Task objective
Leaving out all pictures, write out word for word the lines from the one containing "Maui-Beach-Wedding-070616-4.jpg" to the end of the data below.

Records for the task
-- -- --

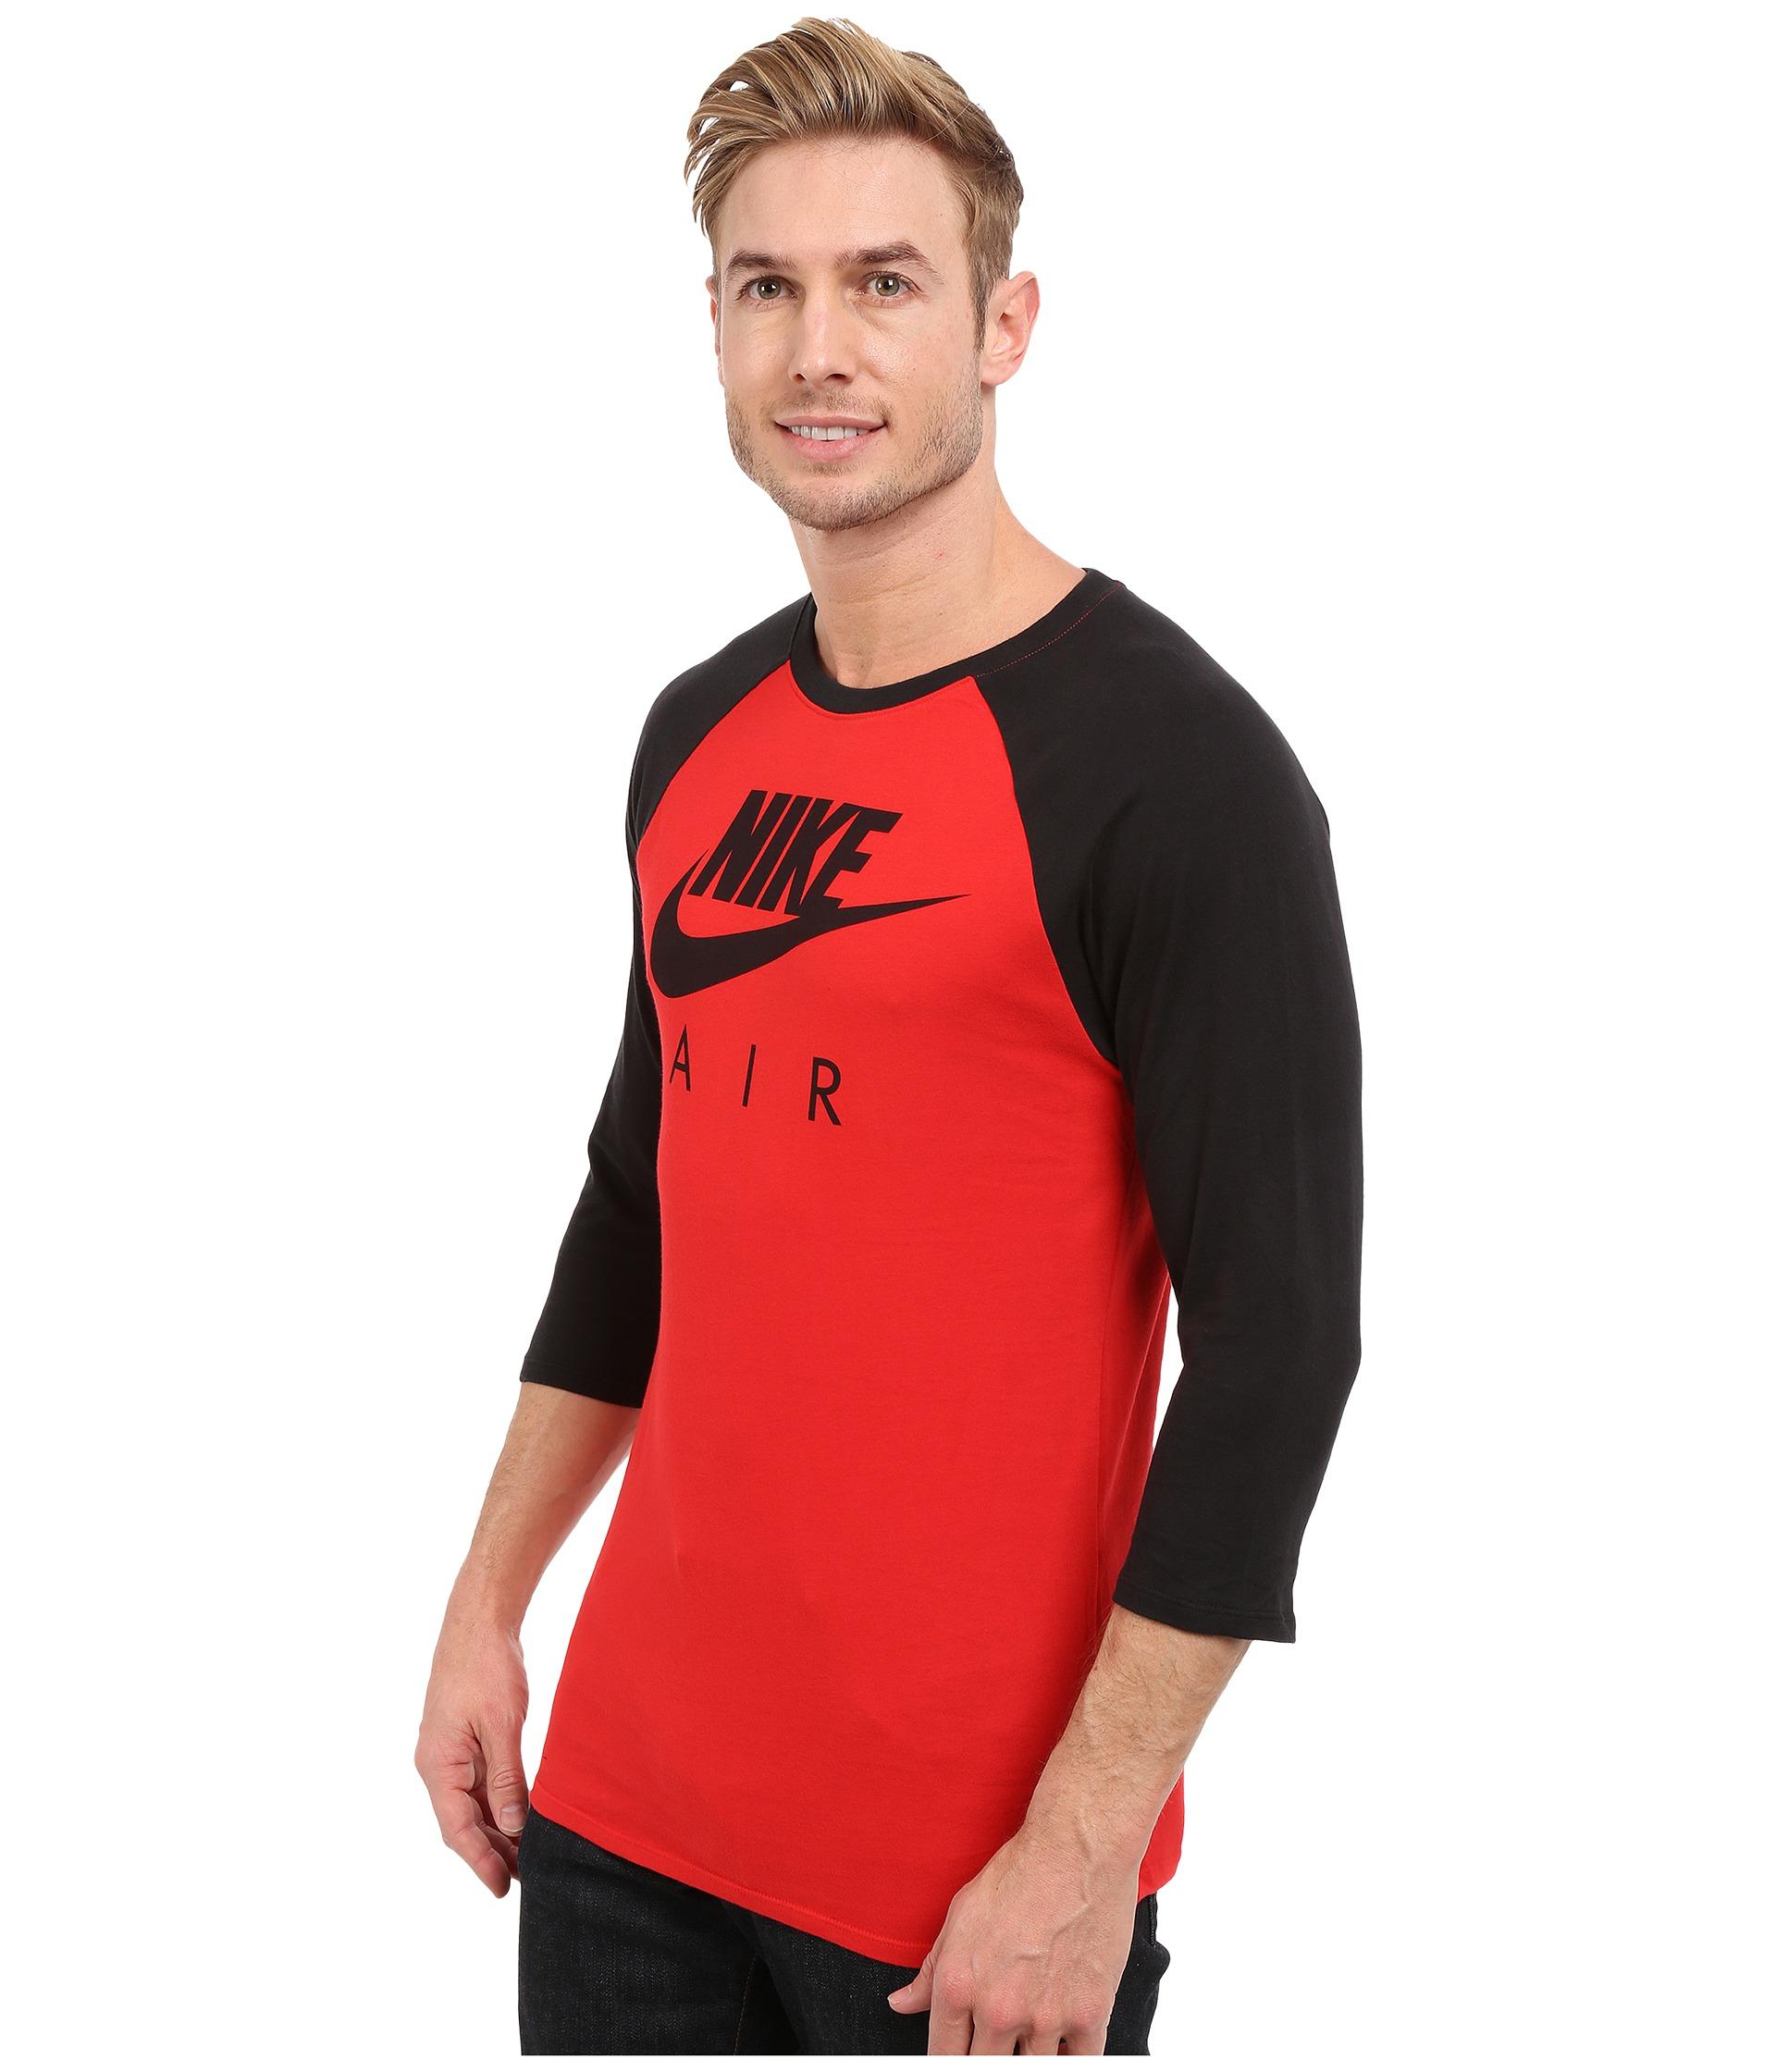 e06b60b2 Nike Air 3/4 Raglan Tee in Red for Men - Lyst
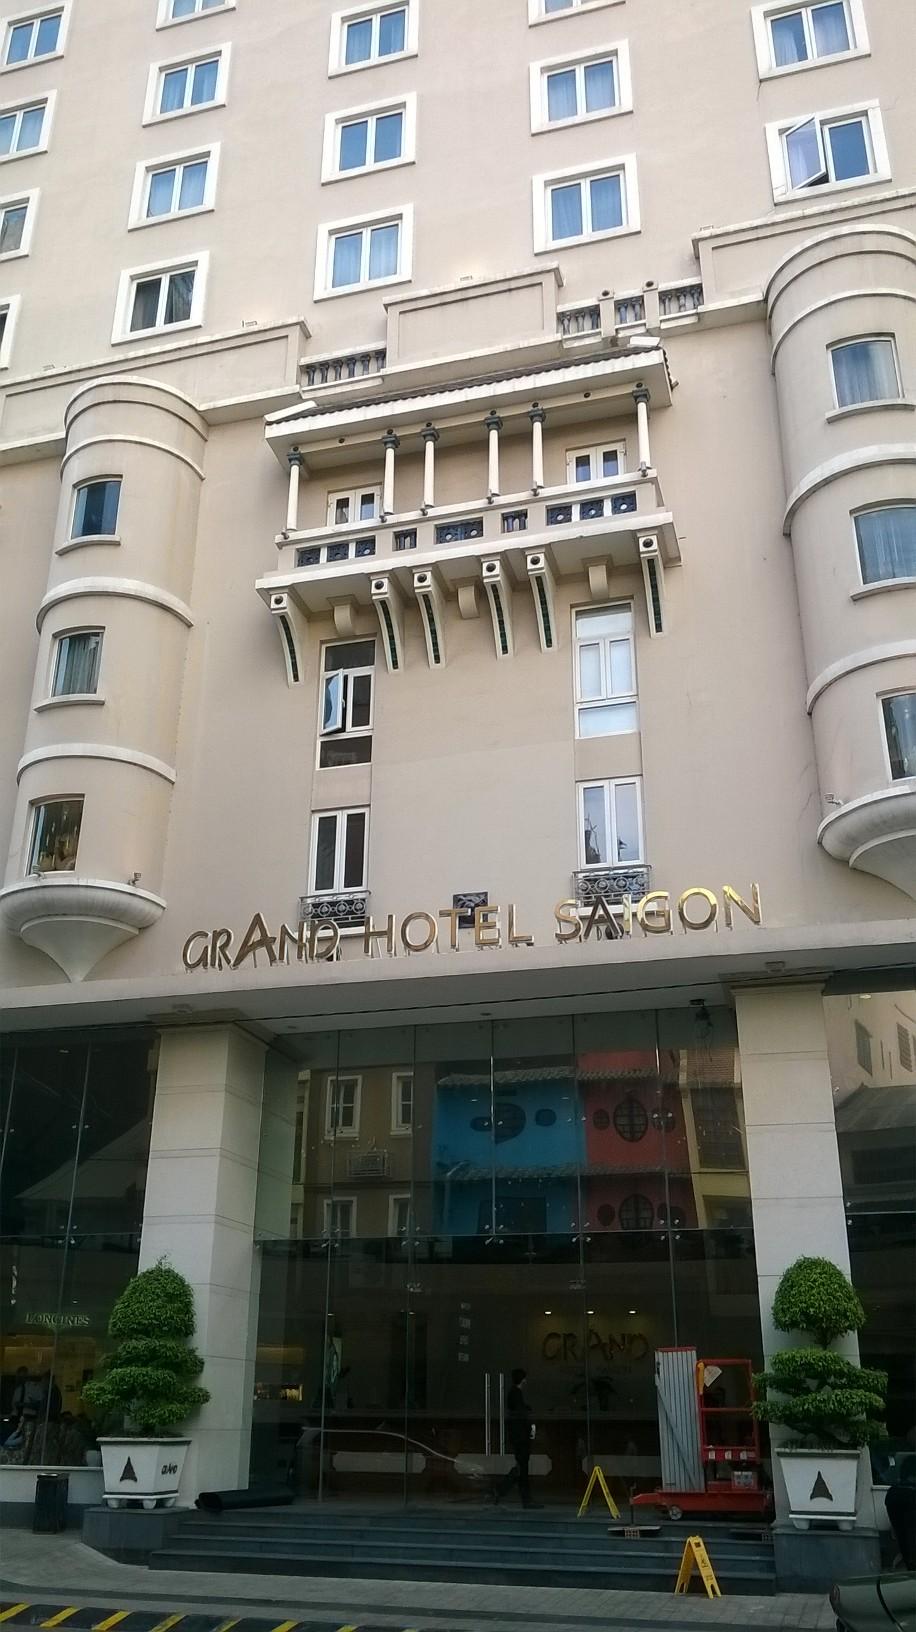 hcmc-grand-hotel-saigon-ent-mar16
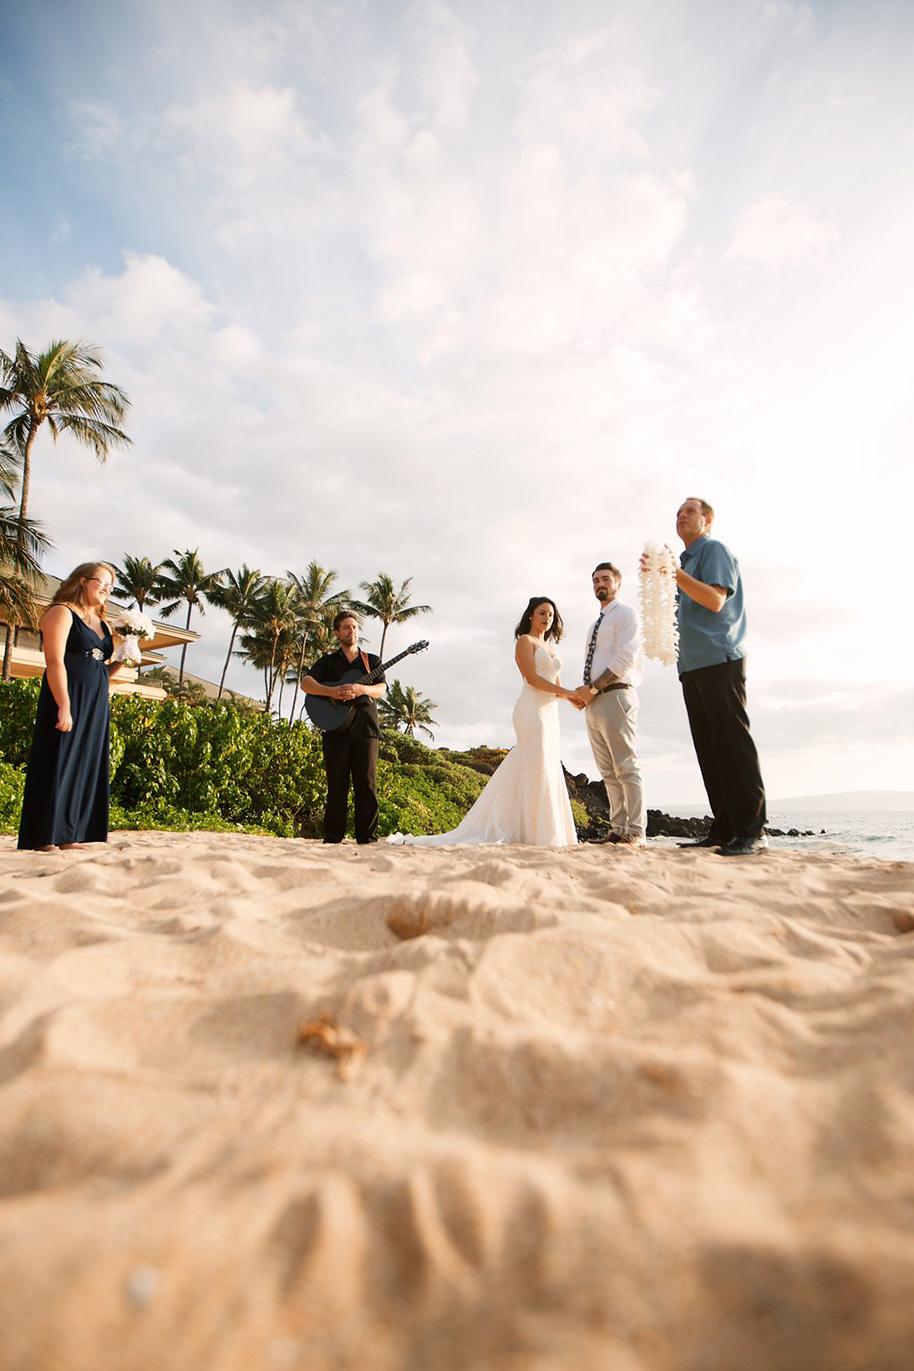 Maui-Beach-Wedding-070616-4.jpg
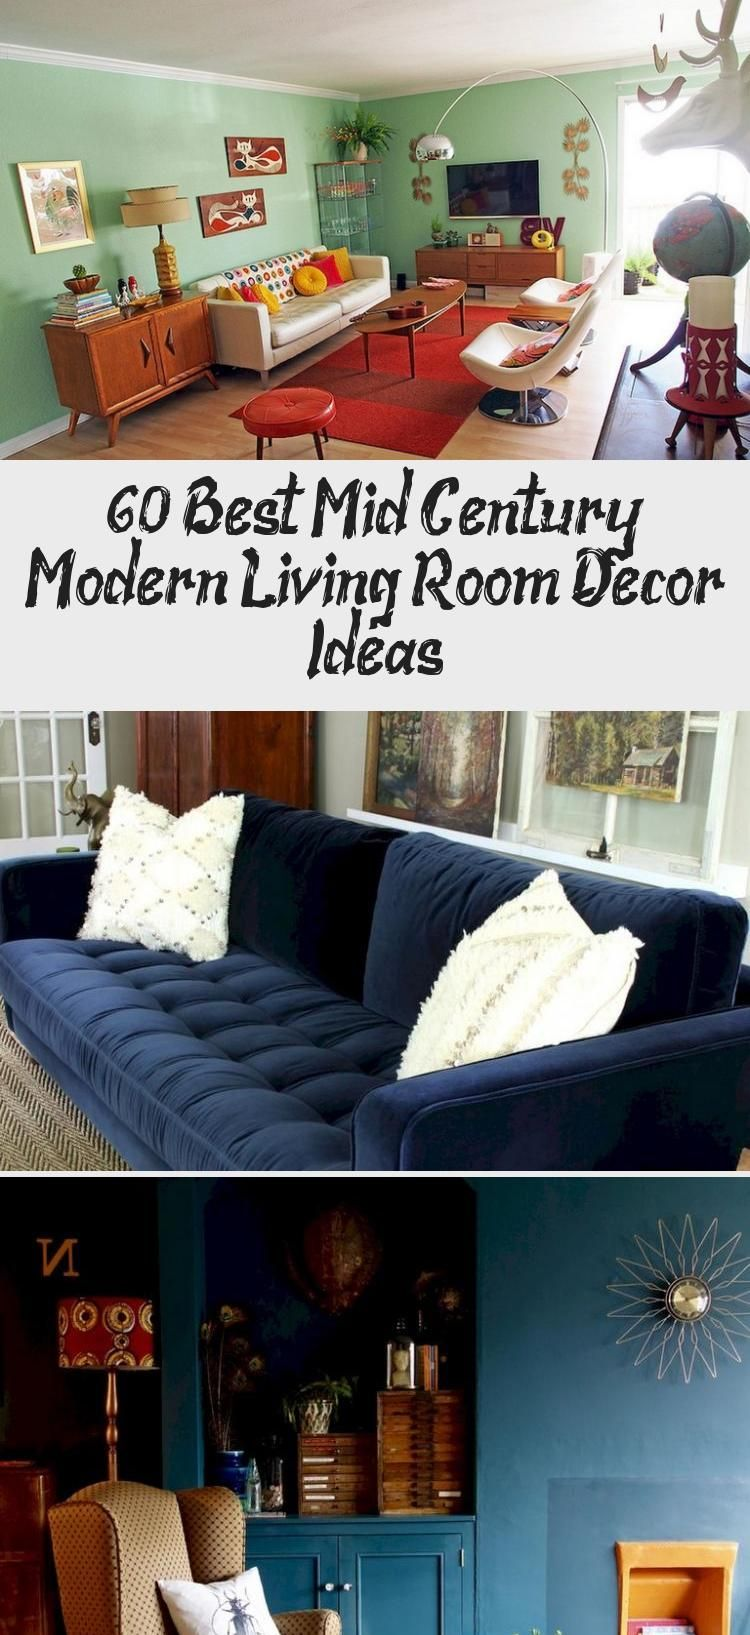 60 Best Mid Century Modern Living Room Decor Ideas
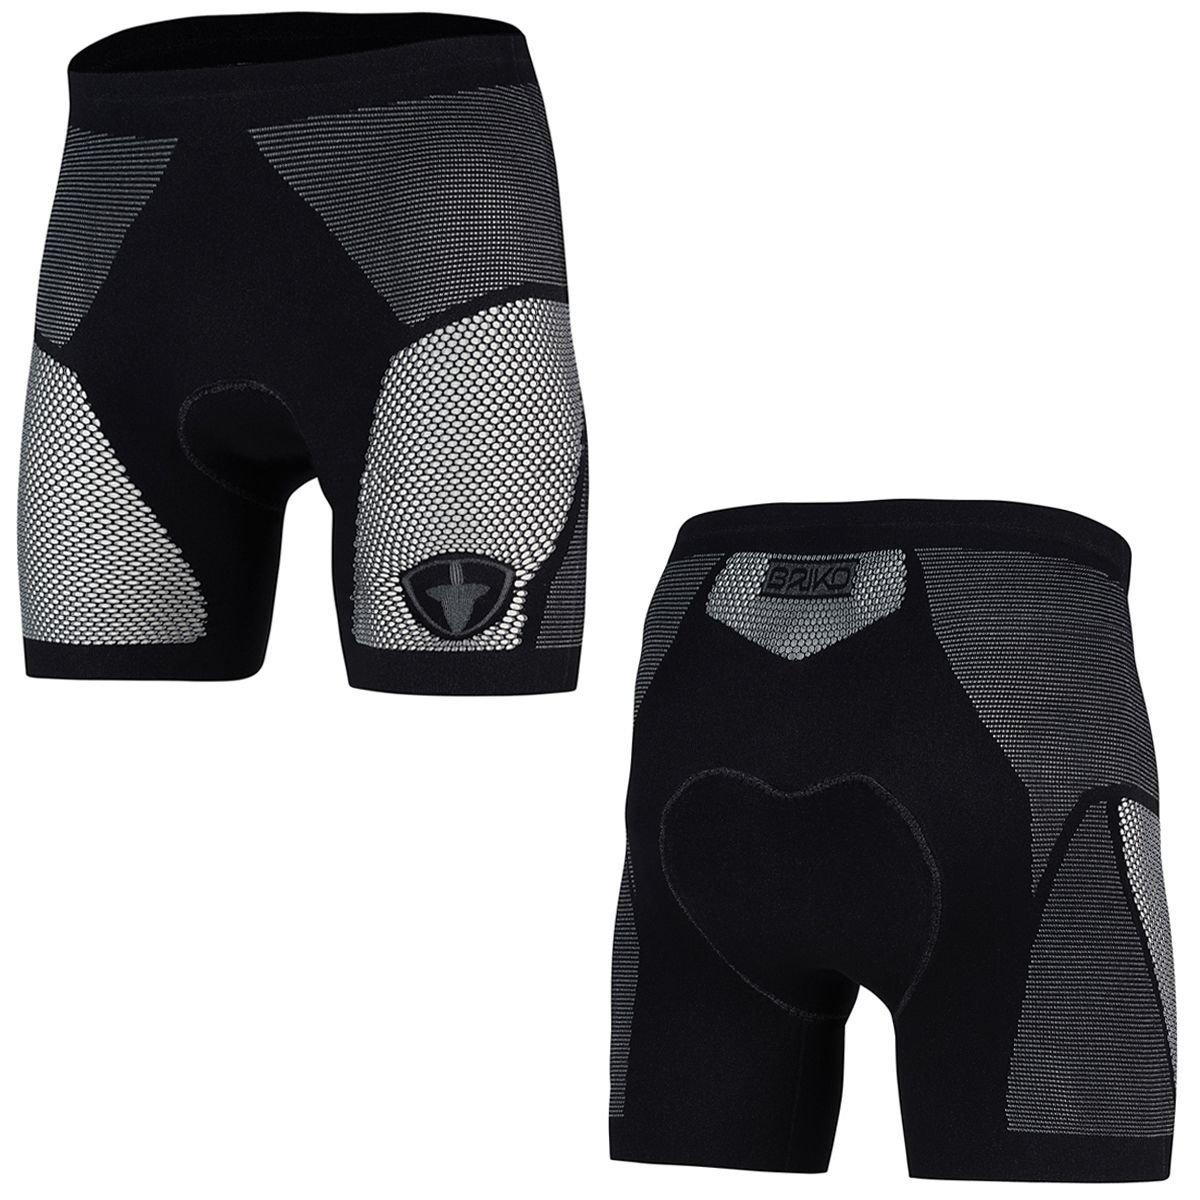 Briko DRYARN Pad Inner Shorts Unterwäsche

-- -- --

Response
 Maui-Beach-Wedding-070616-4.jpg
 60 Best Mid Century Modern Living Room Decor Ideas
 Briko DRYARN Pad Inner Shorts Unterwäsche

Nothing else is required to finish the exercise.